EXERCISE OBJECTIVE:
Return the whole listing, line for line, without the pictures in it.

DATA SEGMENT:
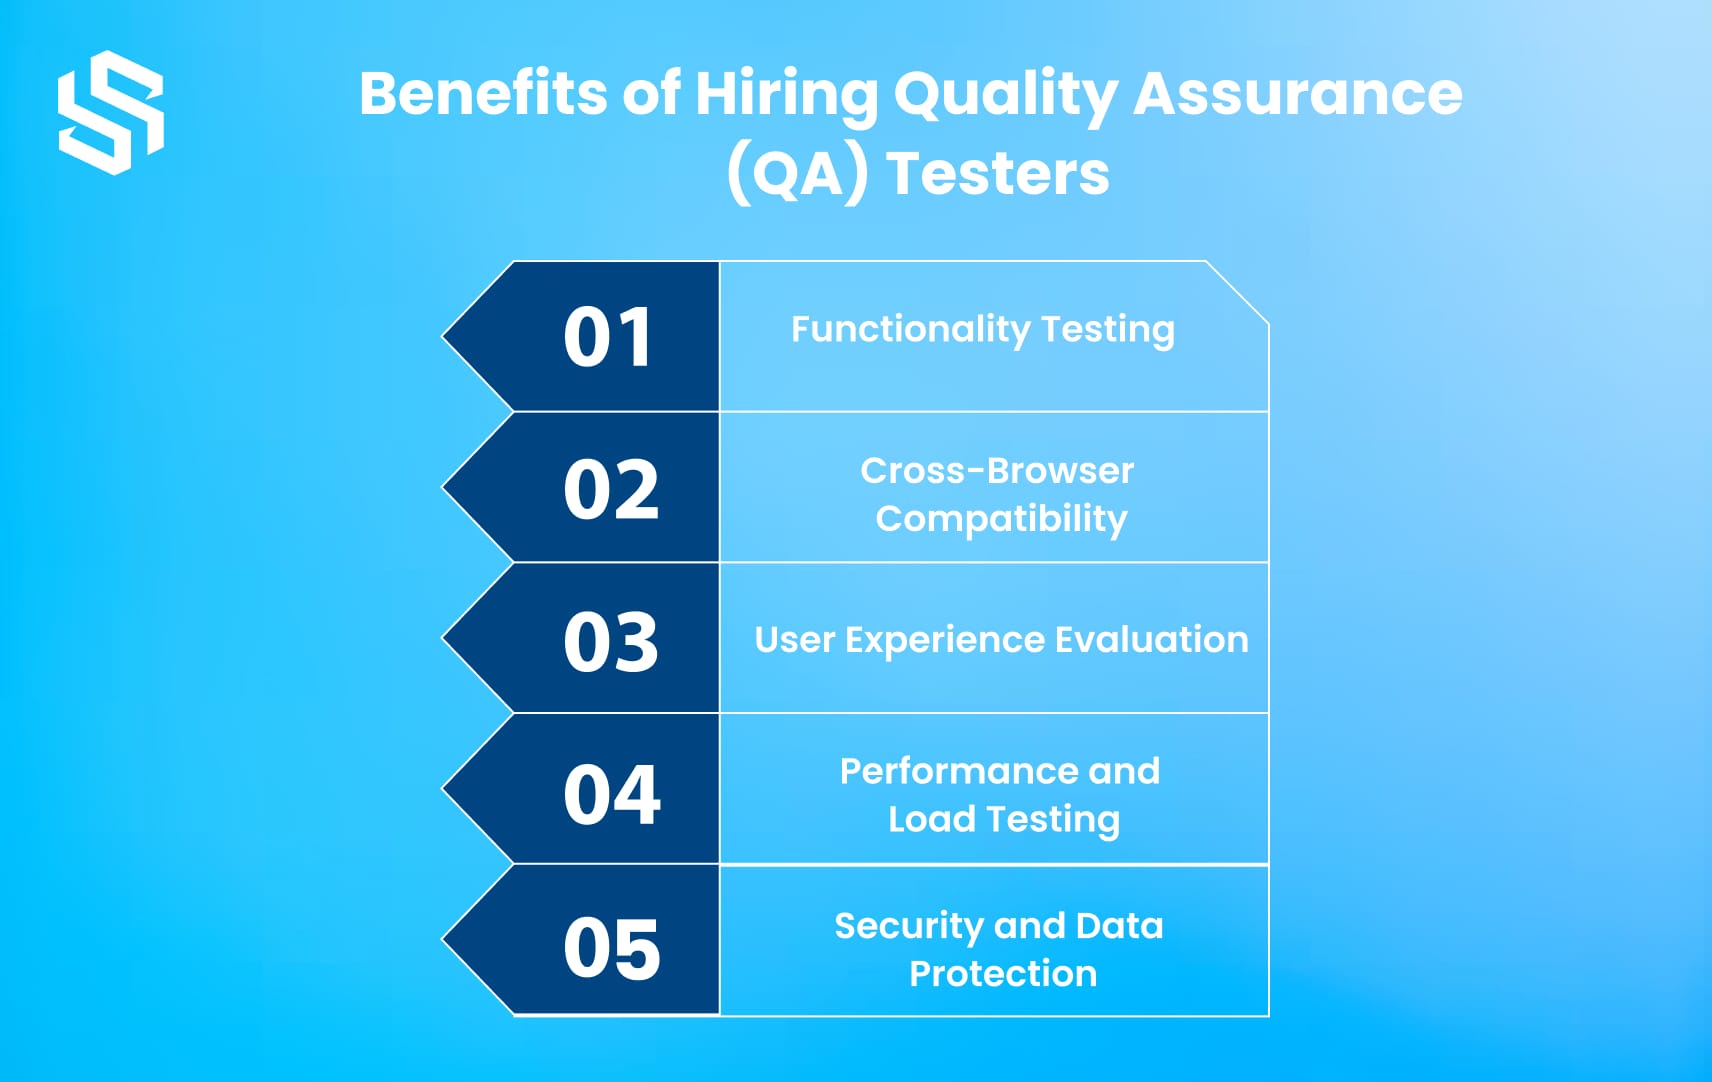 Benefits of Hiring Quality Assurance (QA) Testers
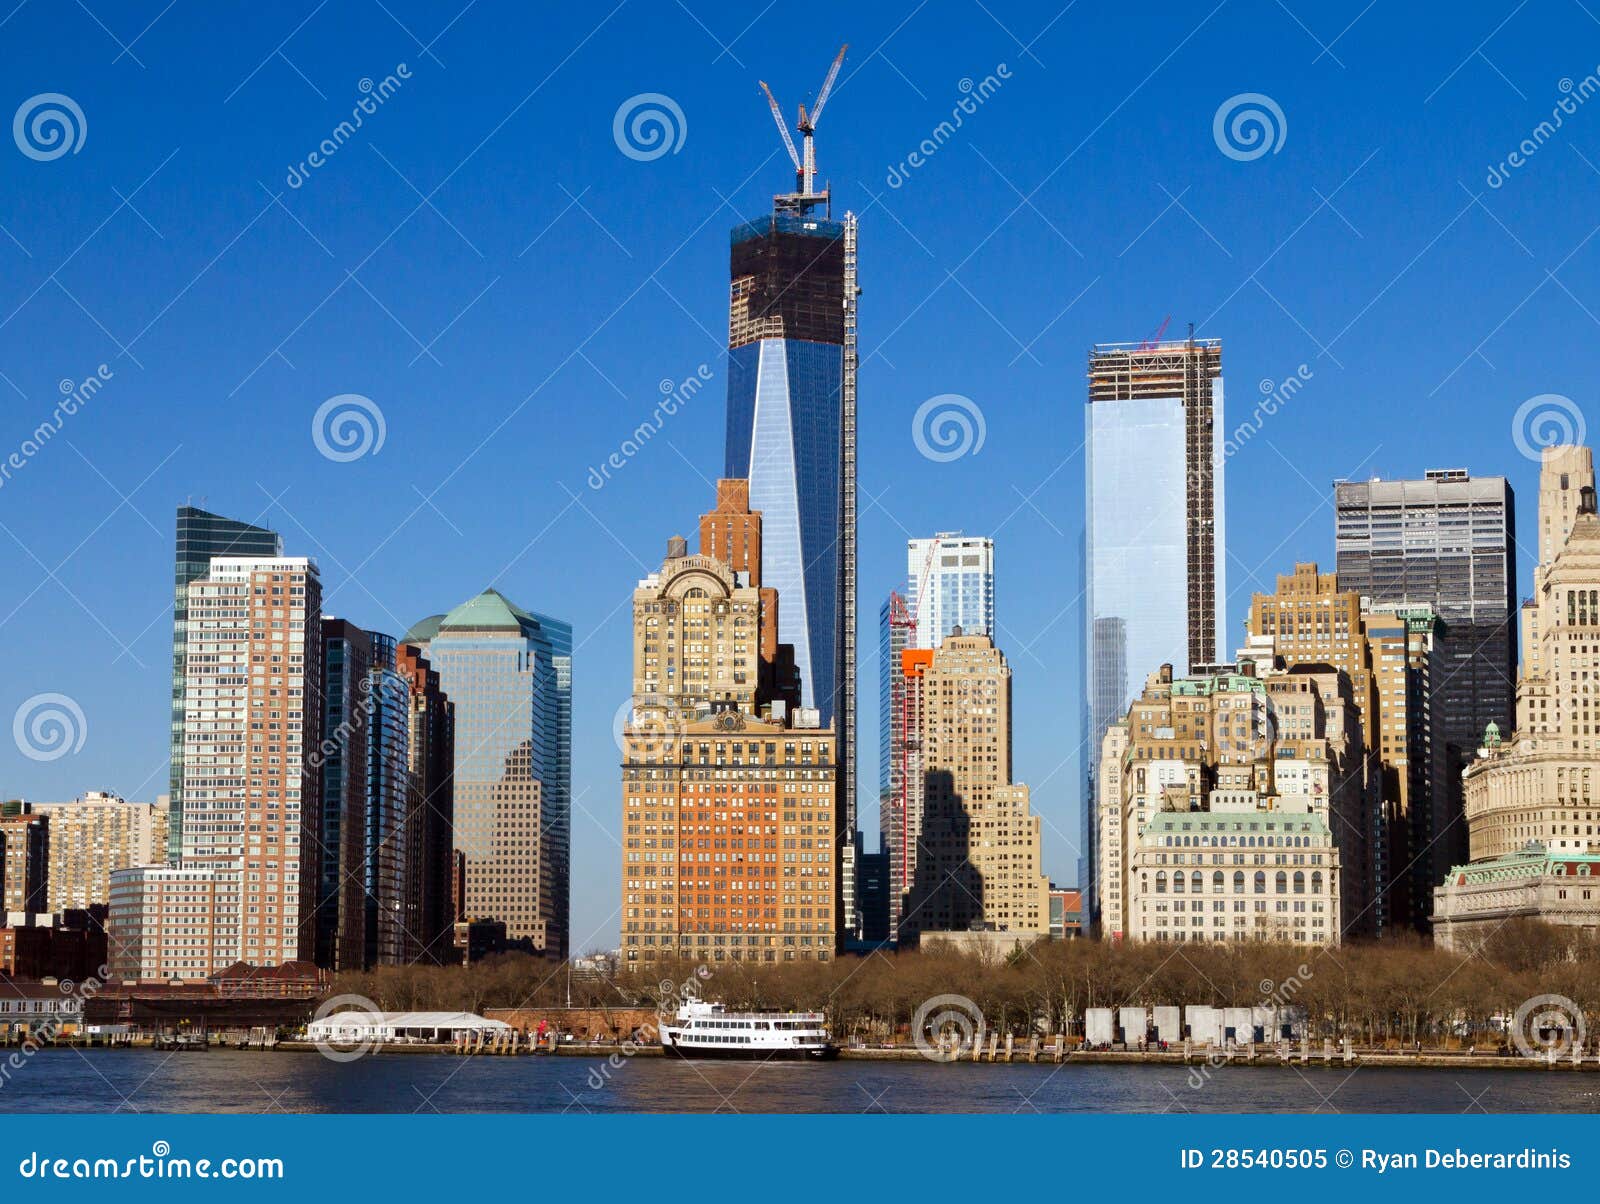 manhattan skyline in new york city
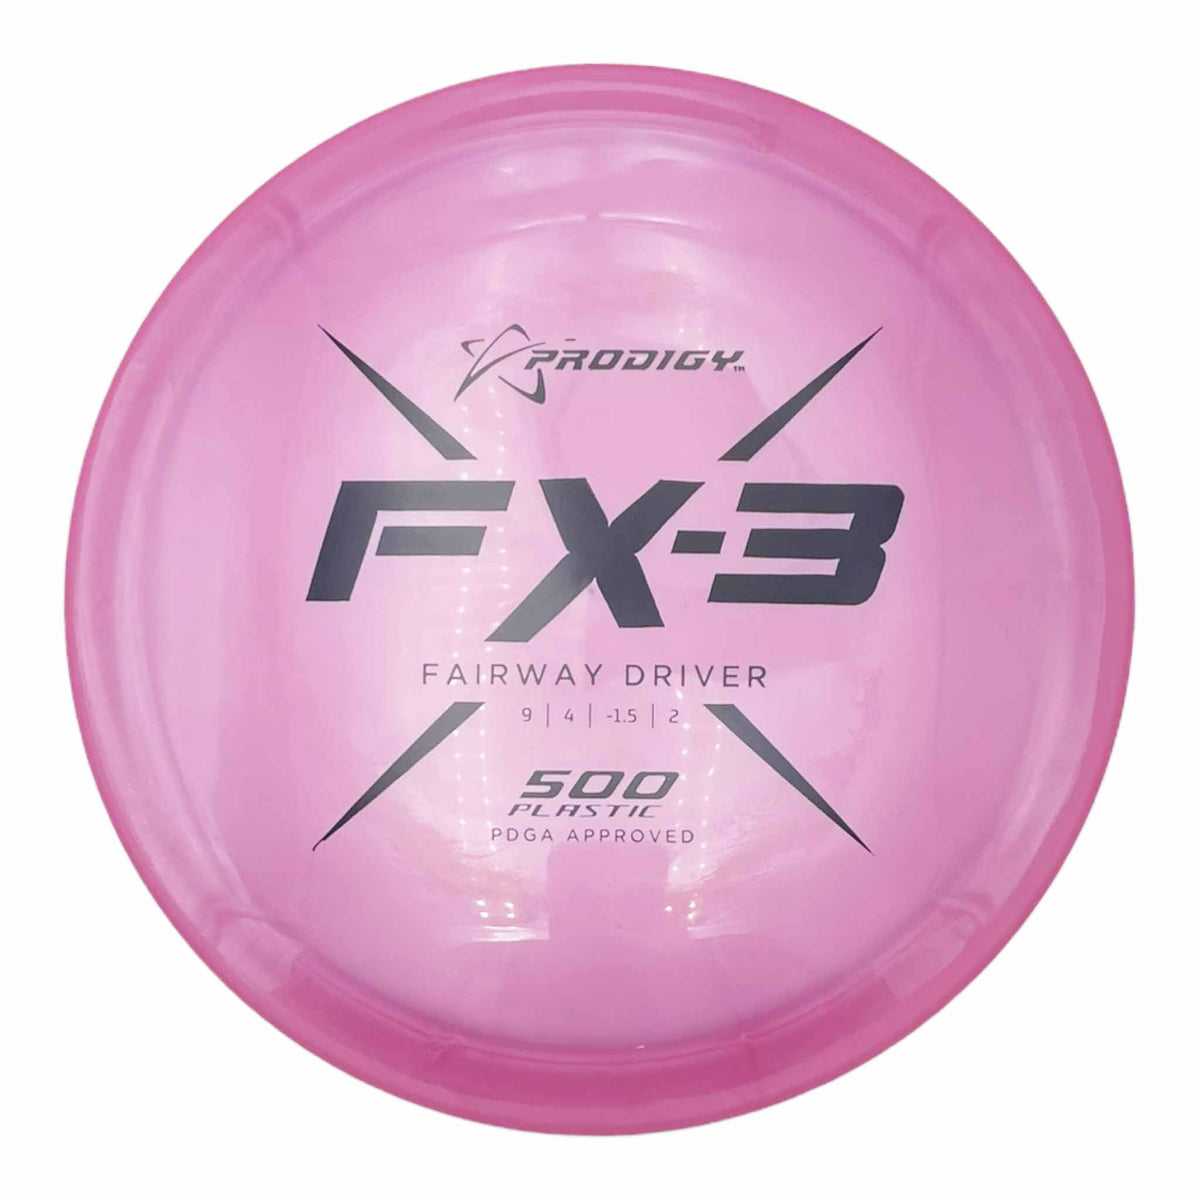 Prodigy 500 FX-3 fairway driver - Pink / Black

EXERCISE SOLUTION:
 Benefits of Hiring Quality Assurance (QA) Testers
 manhattan skyline in new york city
 Prodigy 500 FX-3 fairway driver - Pink / Black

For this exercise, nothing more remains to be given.